Why not simply use Windows built-in mechanisms to prevent any malware from execution? :bigsmile:

Thirdly is to use a good firewall like Comodo’s firewall
See my statement above.

Michael

[QUOTE=mciahel;2560347]Hi,I have no personal experience with truecrypt. At least the method to encrypt a folder seems rather straightforward. But note, in case the container file (which then holds your encrypted stuff) gets damaged, then all is lost. So back up often (unencrypted).[/quote] Using unencrypted backups kinda defeats the purpose. It leaves traces and is never up to date. Better synch your folders real time with some network storage.

Truecrypt is amazingly simple and can be as complex you want it to be. It is very much possible to make completely hidden irrecoverable encrypted containers. It all depends on the level of security you want.

For normal use, it’s sufficient to encrypt all your physical disks, especiall on laptops. If they get stolen you can be pretty sure the data on it can never be read.

I have looked at both Truecrypt and Dalalock, and I am leaning toward Datalock.

Reasons:

Truecrypt is free, but my experience with free and open sourced programs has not been very good. Money mean support, and that is what I think Datalock offers that Truecrypt doesn’t.

Now, for the highly technical, this support might not mean much, but for those who just want to pick up the phone and have support at the other end, it could mean a lot.

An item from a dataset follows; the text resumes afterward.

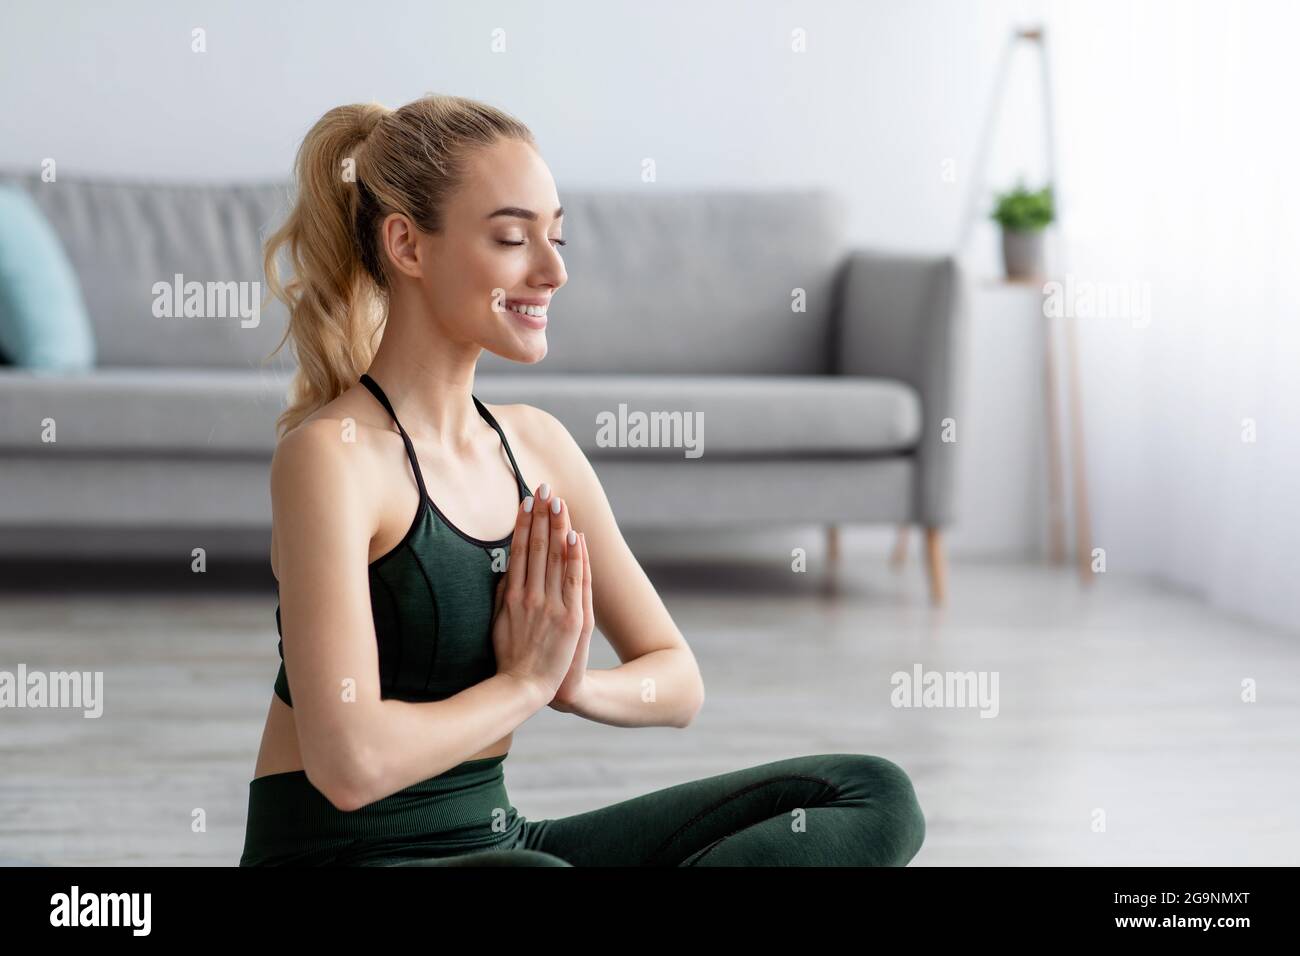 Sport for beginners. Woman practicing yoga lesson, breathing, meditation, exercises Stock Photo
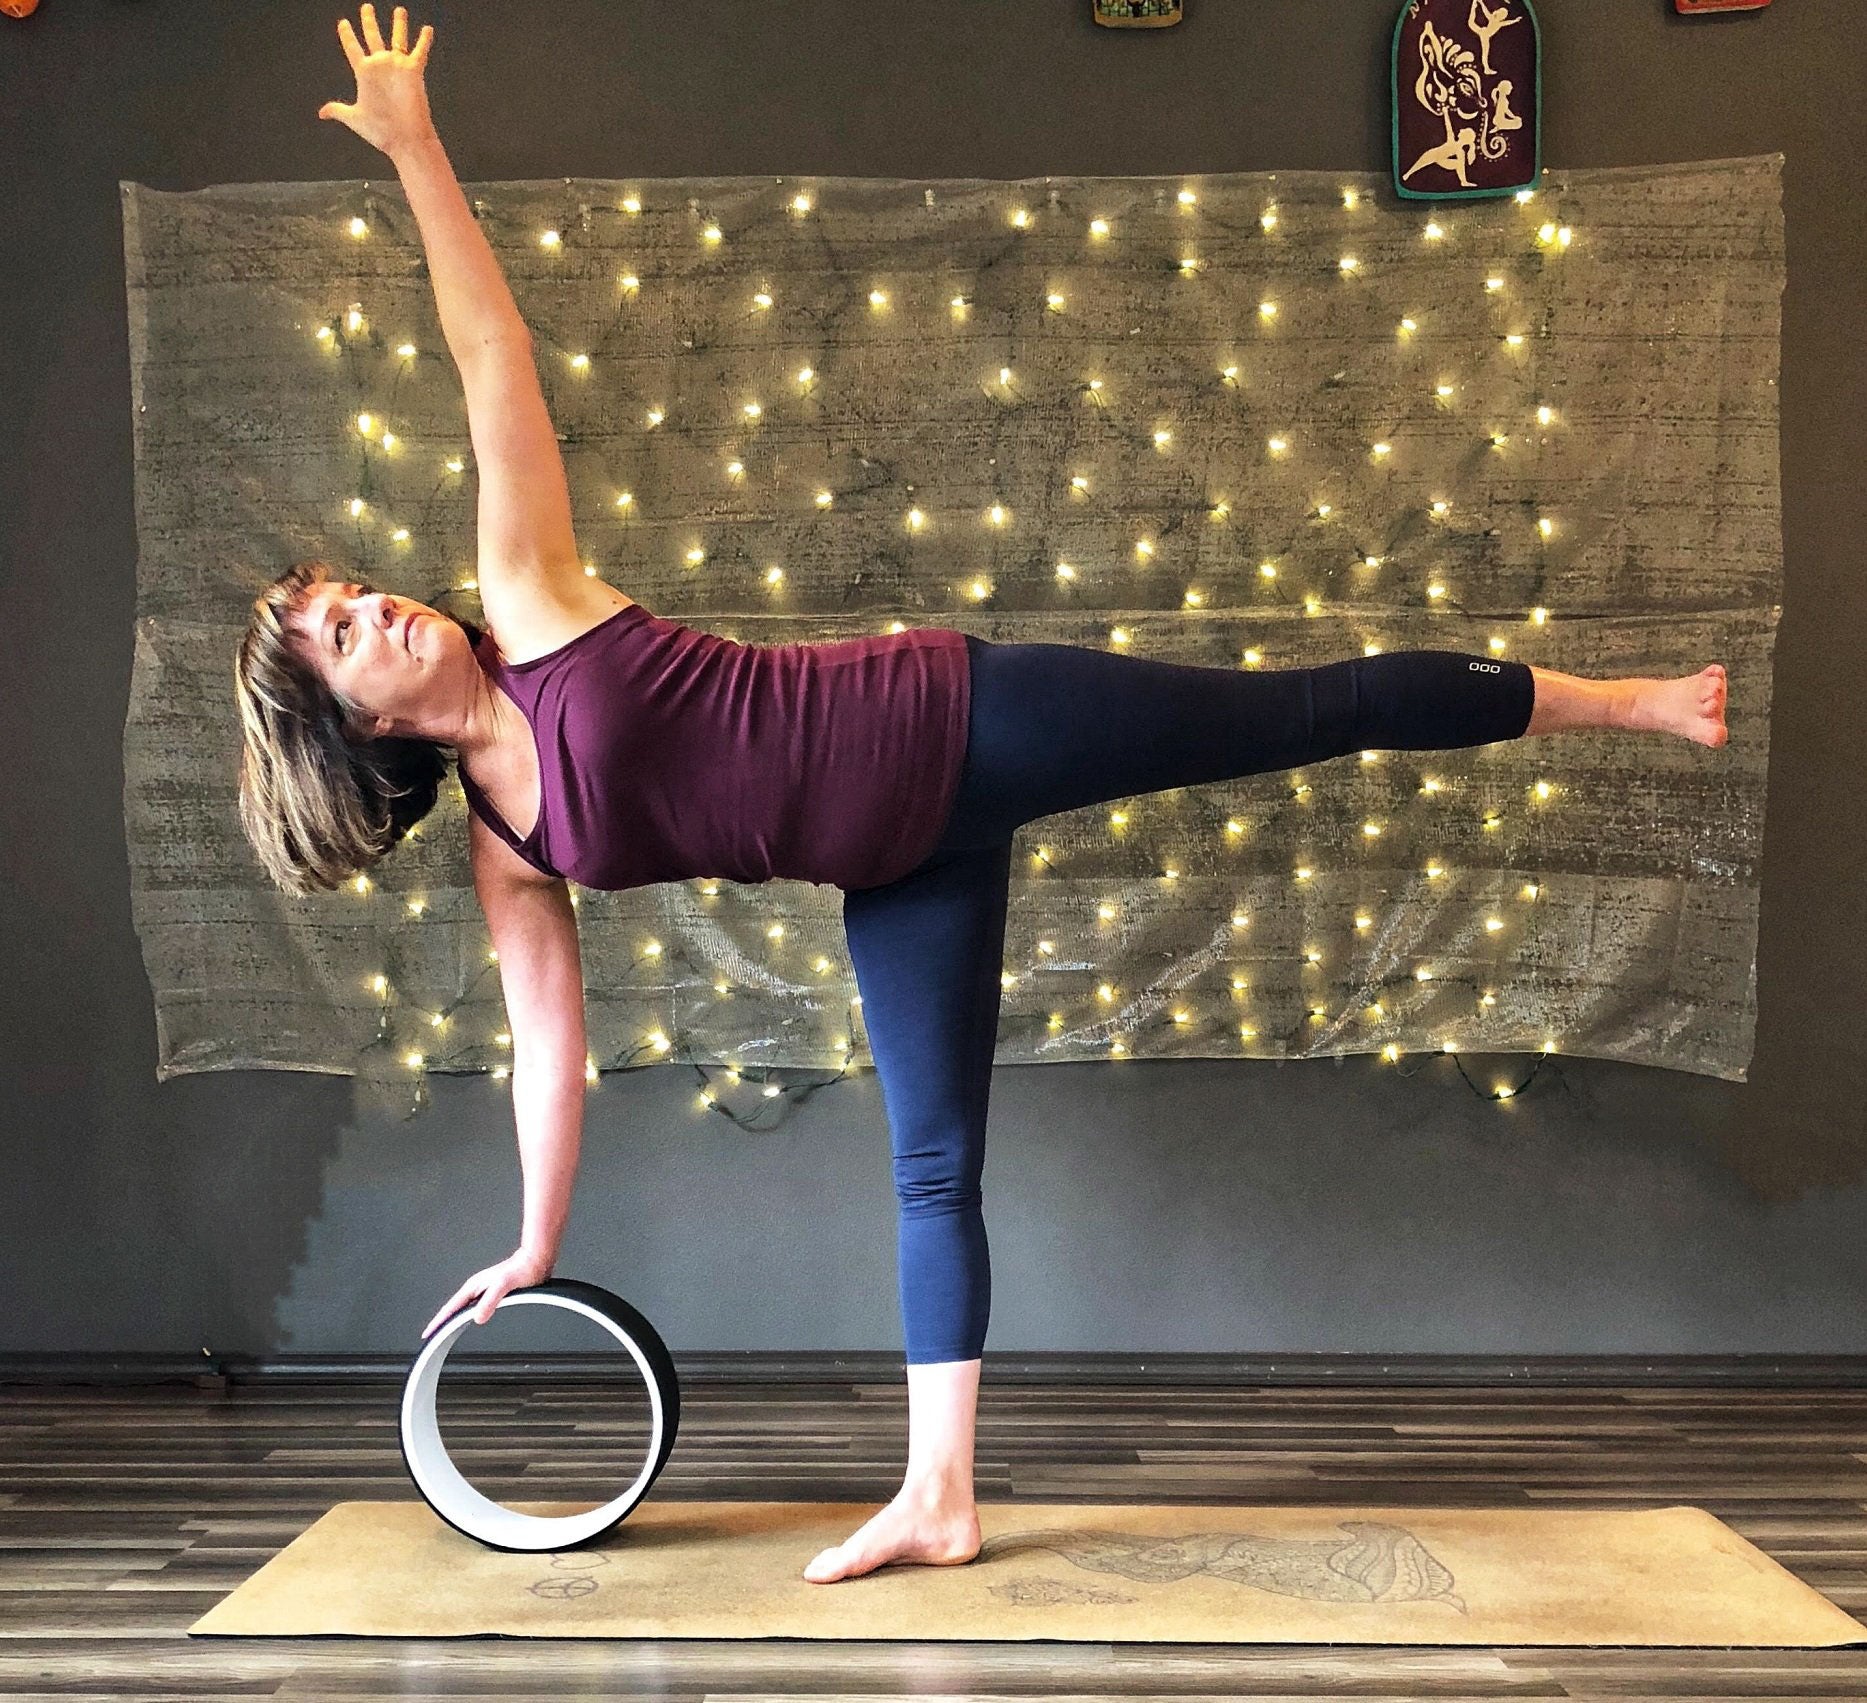 6 Ways to Improve Your Backbends Using a Yoga Wheel - Yoga with Kassandra  Blog

[QUOTE=shesaidshehad1;2563028]
Reasons:

Truecrypt is free, but my experience with free and open sourced programs has not been very good. Money mean support, and that is what I think Datalock offers that Truecrypt doesn’t.[/quote]

Open Source means also that anybody can watch the source of the product. The entire world is reviewer of the code. It ensures there are as less bugs as possible and no hidden exploits.

But suit yourself. You’re complete free to choose.